Visa-compliant private health insurance in Spain costs between €600 and €4,500 per person per year in 2026. Age is by far the biggest factor. A healthy 35-year-old pays around €700 per year, while a 65-year-old without conditions pays around €2,000 per year. Over-75s can expect €3,500 or more from the small number of insurers that accept new applicants in that age band. See the full cost table in Cost by age and household type.

No, on both counts. Original Medicare and Medicare Advantage do not provide coverage outside the US and are not accepted for Spanish visa applications. ACA Marketplace plans are US-only and do not transfer. If you are moving to Spain, you need a policy from an insurer authorized to operate in Spain, regardless of what you currently hold.

Yes, in the vast majority of cases. Around 80% of Moving to Spain clients who buy health insurance in Spain disclose at least one pre-existing condition, and most find suitable cover. When you disclose, three things can happen: the insurer accepts you with no exclusion, accepts you with an exclusion for that specific condition, or declines. The first two outcomes are far more common than the third. Full disclosure is mandatory; be aware that the consequences of concealment are severe.

Most major insurers, including Asisa, stop accepting new applicants between 65 and 74. Sanitas goes up to 75, while DKV accepts up to 74. ASSSA has the highest age limit of any mainstream Spanish insurer, accepting new applicants up to 74 as standard and up to 79 on a case-by-case basis. It is often the best, or only option for applicants over 75. Premiums rise steeply after 70, so it is worth getting quotes early, ideally six months before your move.

A visa-compliant policy must meet seven specific requirements: it must be issued by an insurer authorized to operate in Spain; provide full comprehensive coverage; offer unlimited or minimum €500,000 financial cover; have no co-payments or deductibles; have no waiting periods; cover all of Spain, including the Balearics and Canary Islands; and include a repatriation provision. The compliance check applies to your insurance certificate, not just the underlying policy document. See the full checklist in The compliance checklist (what your certificate must say)

For most applicants, four to six weeks before your consulate appointment is sufficient. If you are over 65 or have conditions to disclose, allow eight weeks as the underwriting process takes longer. Most reputable insurers offer future-dated start dates, so you can purchase now and begin cover from your arrival date without paying for unused months.
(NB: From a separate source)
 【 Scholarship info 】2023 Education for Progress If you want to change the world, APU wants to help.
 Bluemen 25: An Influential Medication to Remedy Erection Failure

Yes, but with four risks to manage. First, the new insurer re-underwrites from scratch — conditions developed since your original policy may become new exclusions. Second, medical history is not shared between insurers, so you must disclose everything again honestly. Third, ongoing treatments may not transfer immediately. Fourth, never switch in the weeks before a visa renewal. A gap in cover, however brief, can complicate the application. Switch at your annual renewal date.
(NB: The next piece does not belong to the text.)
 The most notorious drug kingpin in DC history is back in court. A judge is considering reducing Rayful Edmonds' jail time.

There is no single best answer. It depends on key factors such as your age, where in Spain you are living, and your health history. Sanitas is the premium option with the strongest English-language support, best suited to urban applicants under 70. ASSSA has the highest age limit of any mainstream Spanish insurer, accepting new applicants up to 74 as standard, and up to 79 on a case-by-case basis. It is typically the recommended route for applicants over 65 or with complex conditions. Asisa offers the best value for families and those under 60. DKV is a strong middle ground, particularly for applicants aged 65 to 74 or in rural areas.

The consequences are severe and go well beyond the original claim. As the John case study in section 4 illustrates, when non-disclosure is identified, the insurer can void the entire policy — not just the claim related to the concealed condition. Cover for unrelated conditions developed during the policy year can also be withdrawn. The applicant then faces re-applying as a now-known case, at a higher premium.